EXCERPTED RECORDS Start Marker
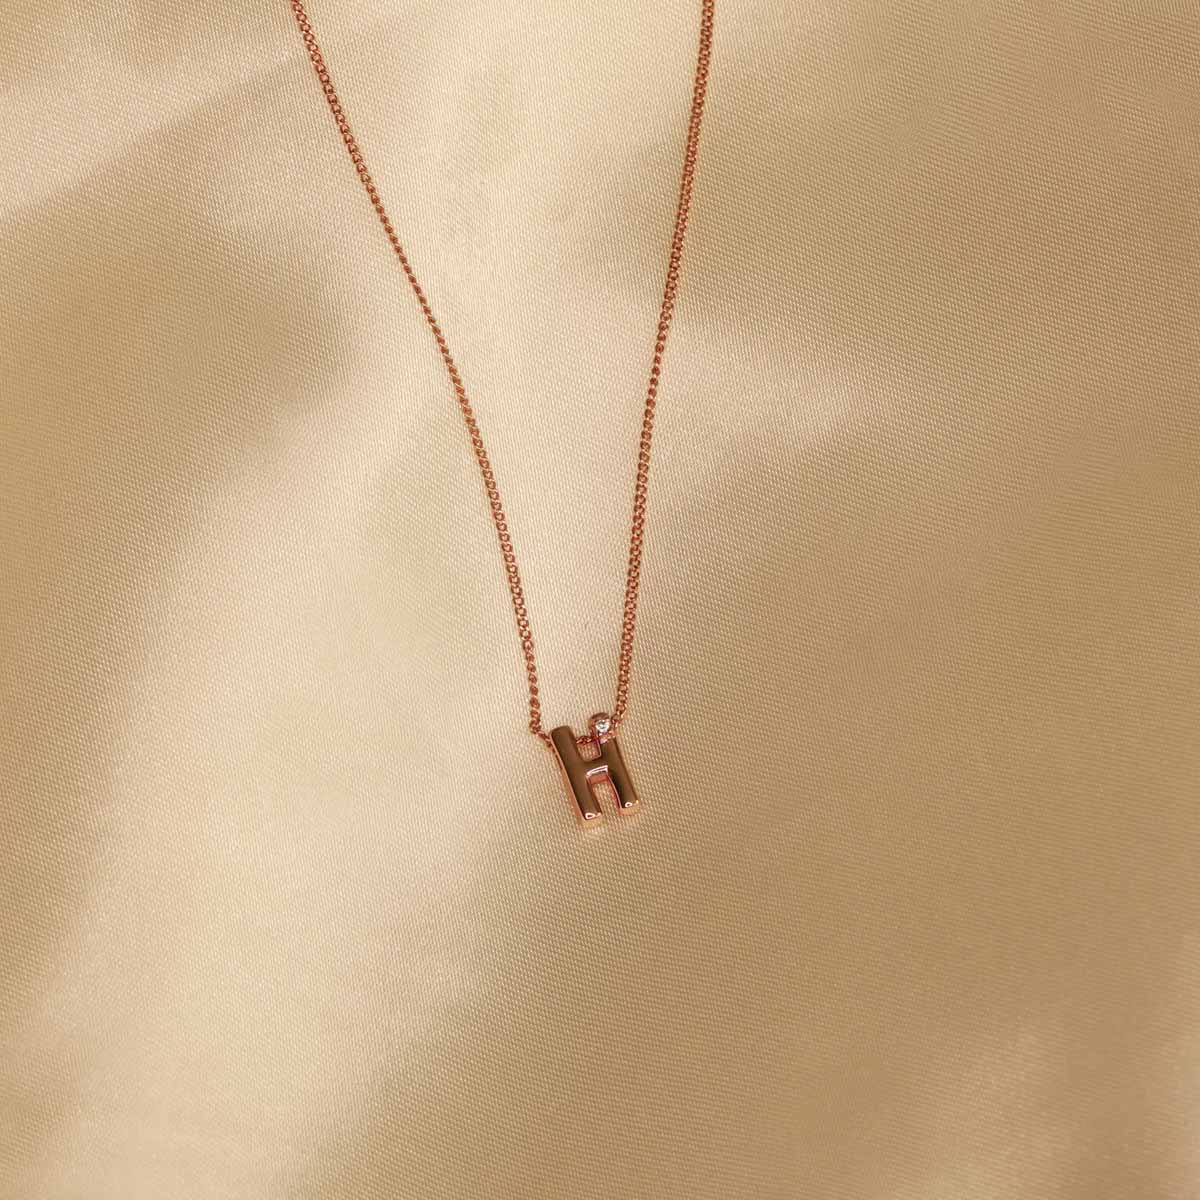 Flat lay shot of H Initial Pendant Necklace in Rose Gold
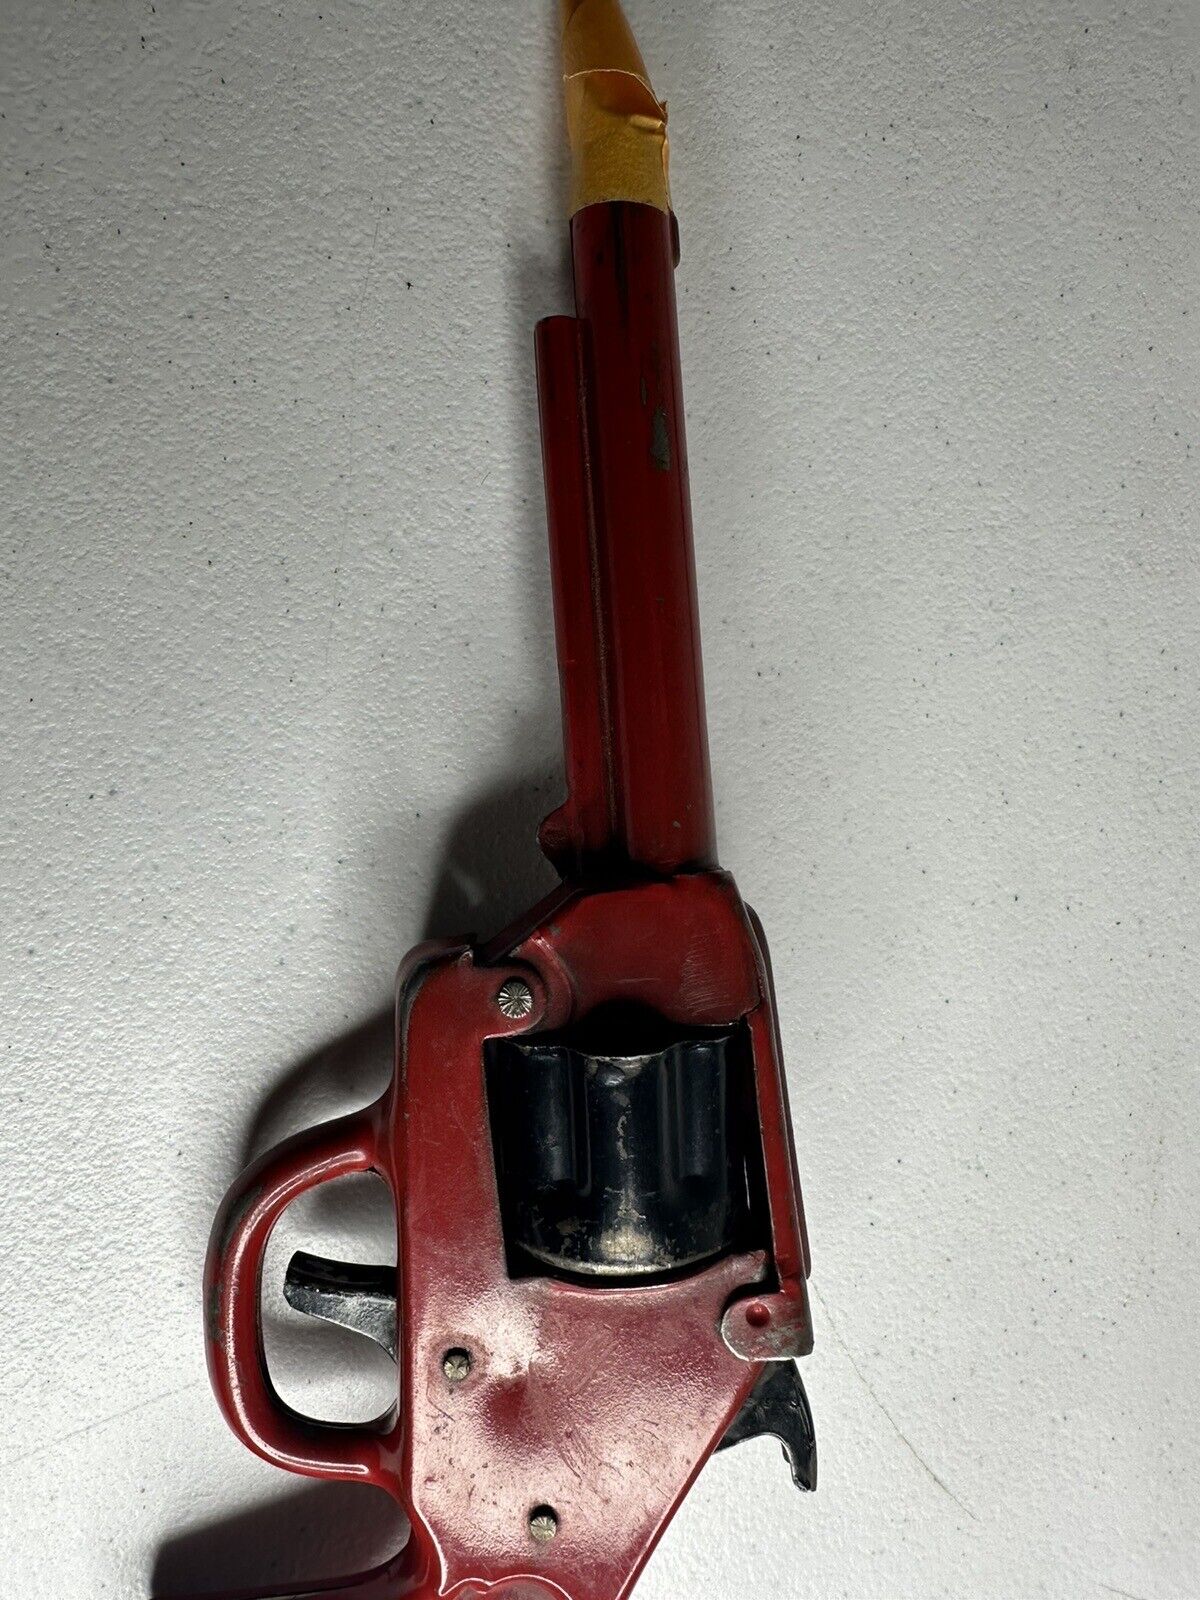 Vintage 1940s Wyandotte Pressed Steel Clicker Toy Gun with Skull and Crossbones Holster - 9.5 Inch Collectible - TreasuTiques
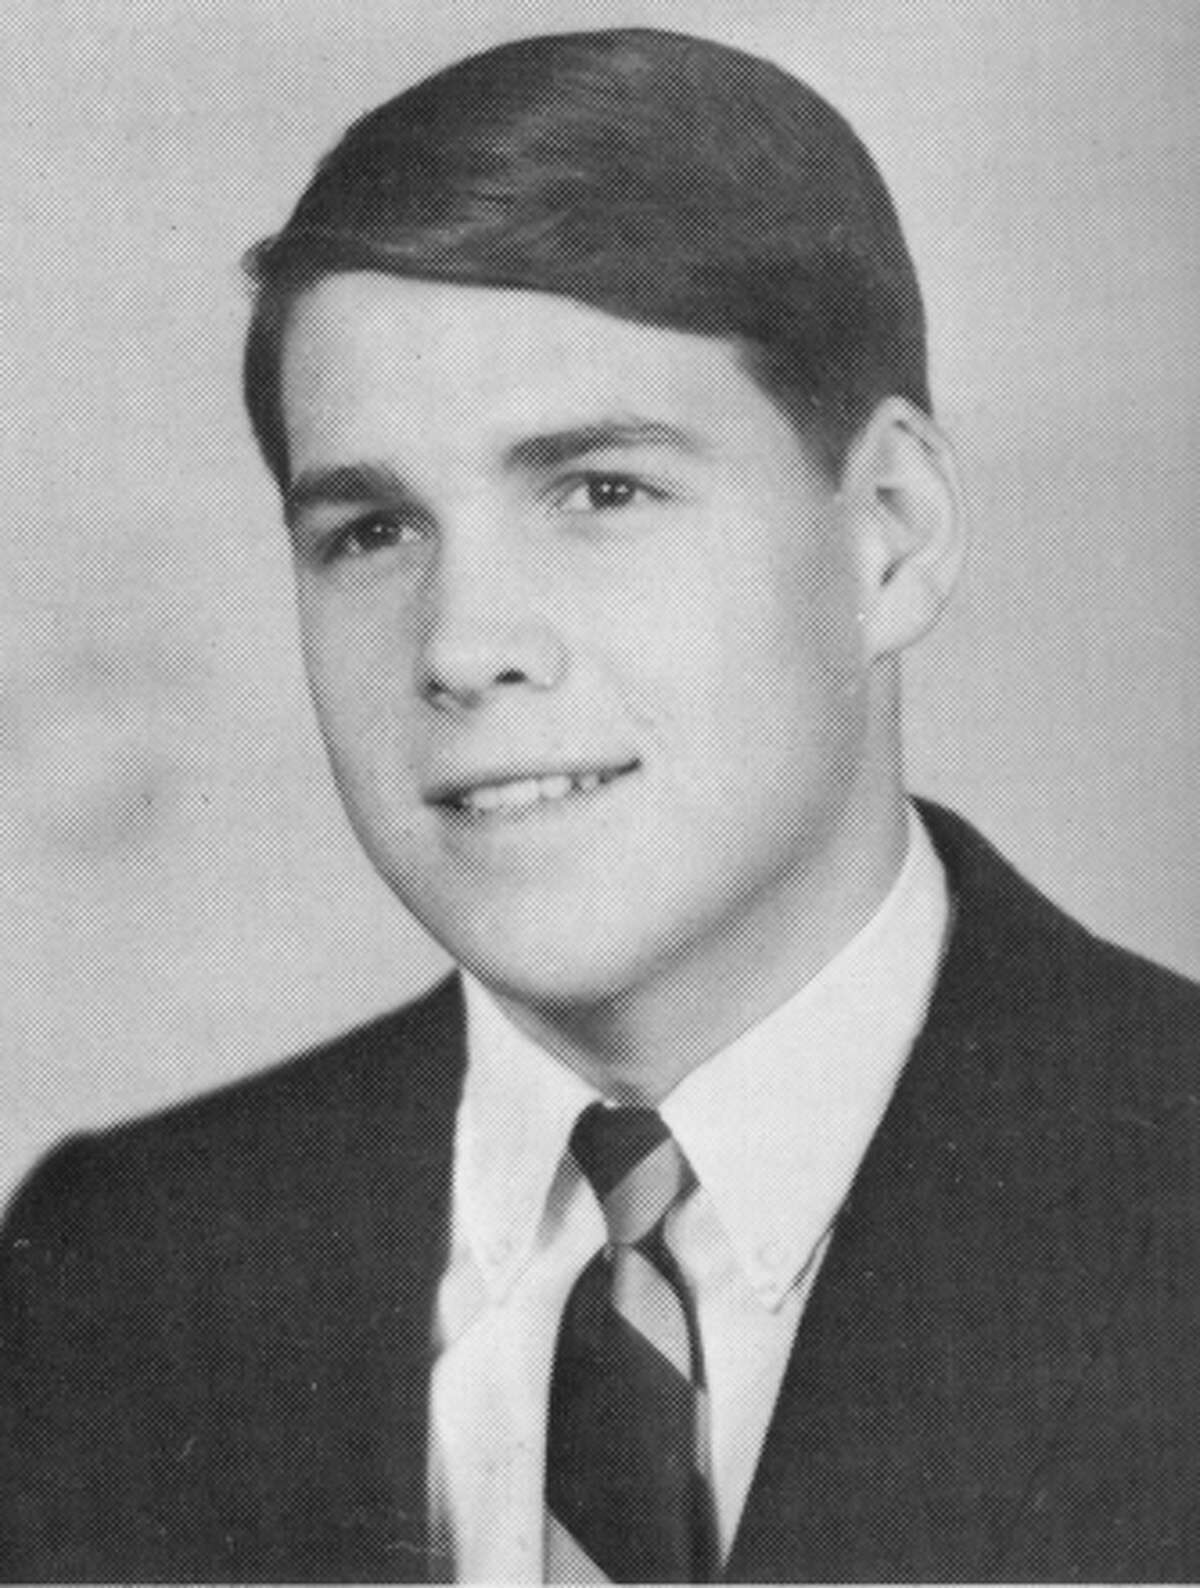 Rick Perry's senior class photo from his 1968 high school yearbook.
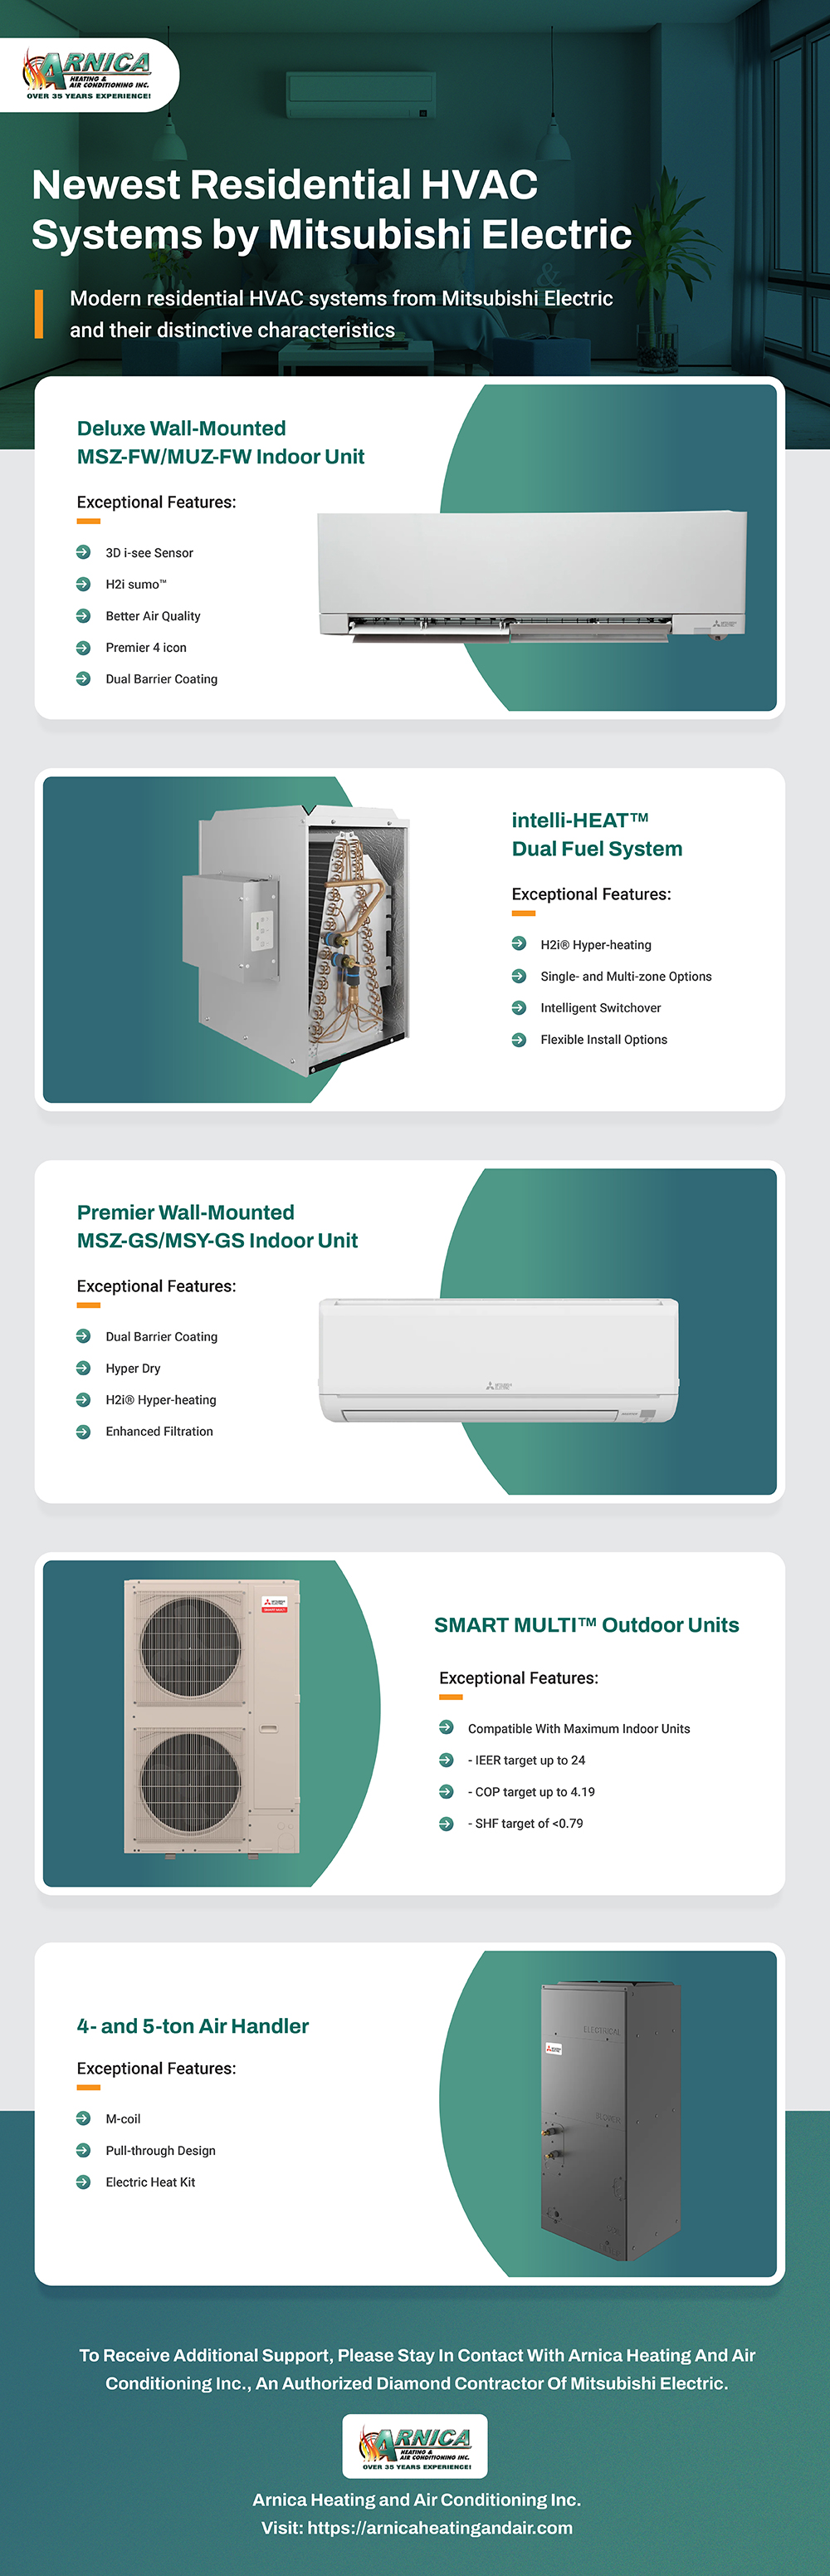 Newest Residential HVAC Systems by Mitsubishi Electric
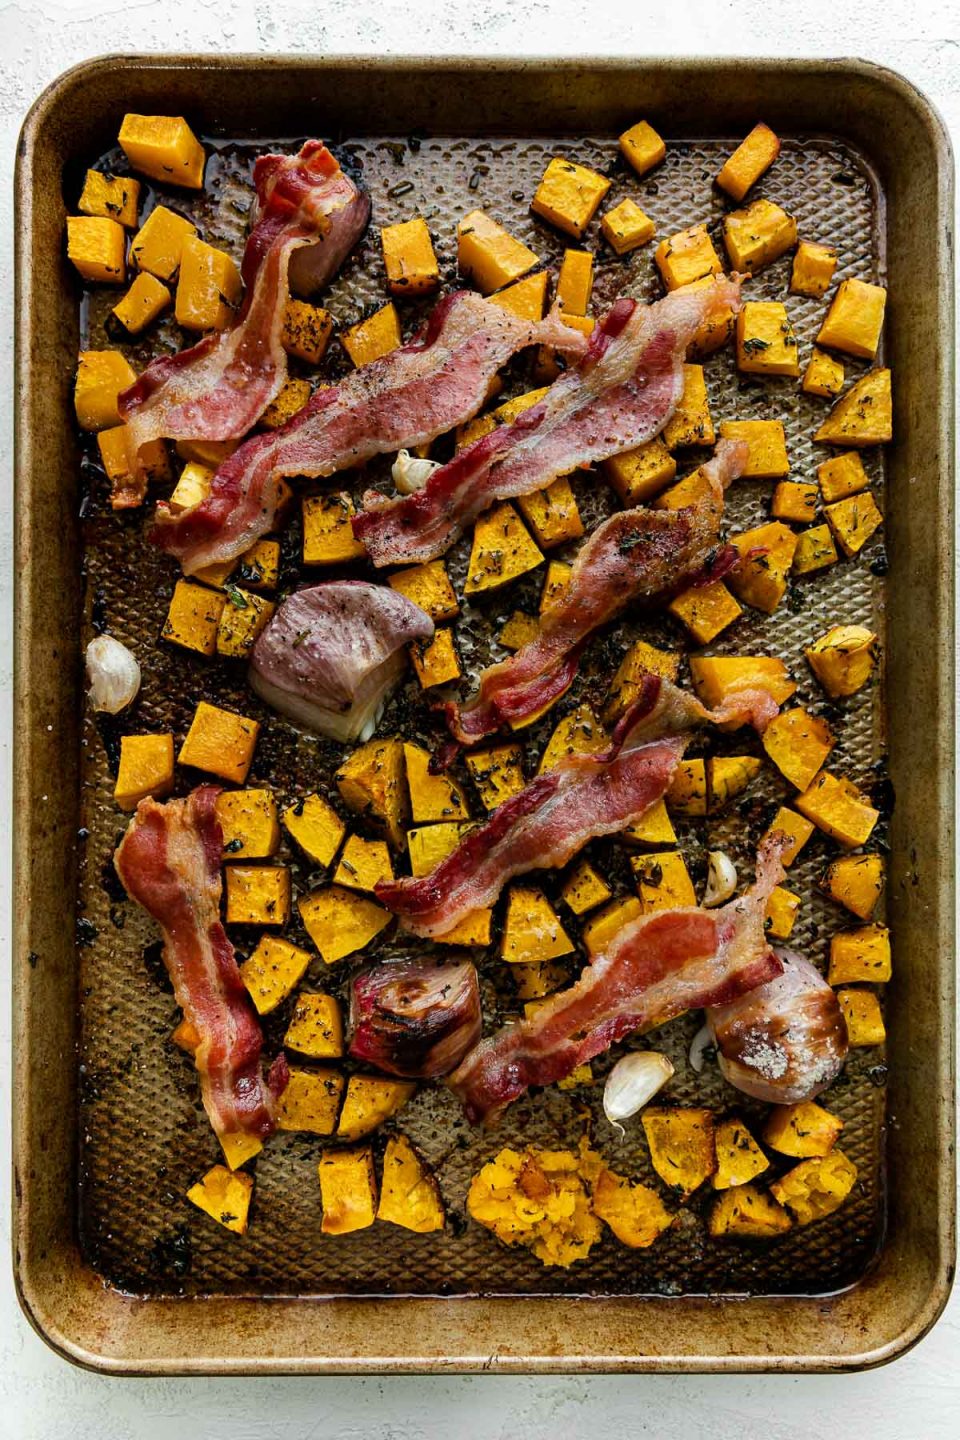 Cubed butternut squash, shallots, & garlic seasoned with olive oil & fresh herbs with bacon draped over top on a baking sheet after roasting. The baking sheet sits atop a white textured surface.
EXCERPTED RECORDS End Marker
* [PROBLEM DESCRIPTION] Every line of the listing should be copied precisely, with images omitted.

* [WRITTEN SOLUTION]
 Flat lay shot of H Initial Pendant Necklace in Rose Gold
 Vintage 1940s Wyandotte Pressed Steel Clicker Toy Gun with Skull and Crossbones Holster - 9.5 Inch Collectible - TreasuTiques
 Rick Perry's senior class photo from his 1968 high school yearbook.
 Newest Residential HVAC Systems by Mitsubishi Electric
 Cubed butternut squash, shallots, & garlic seasoned with olive oil & fresh herbs with bacon draped over top on a baking sheet after roasting. The baking sheet sits atop a white textured surface.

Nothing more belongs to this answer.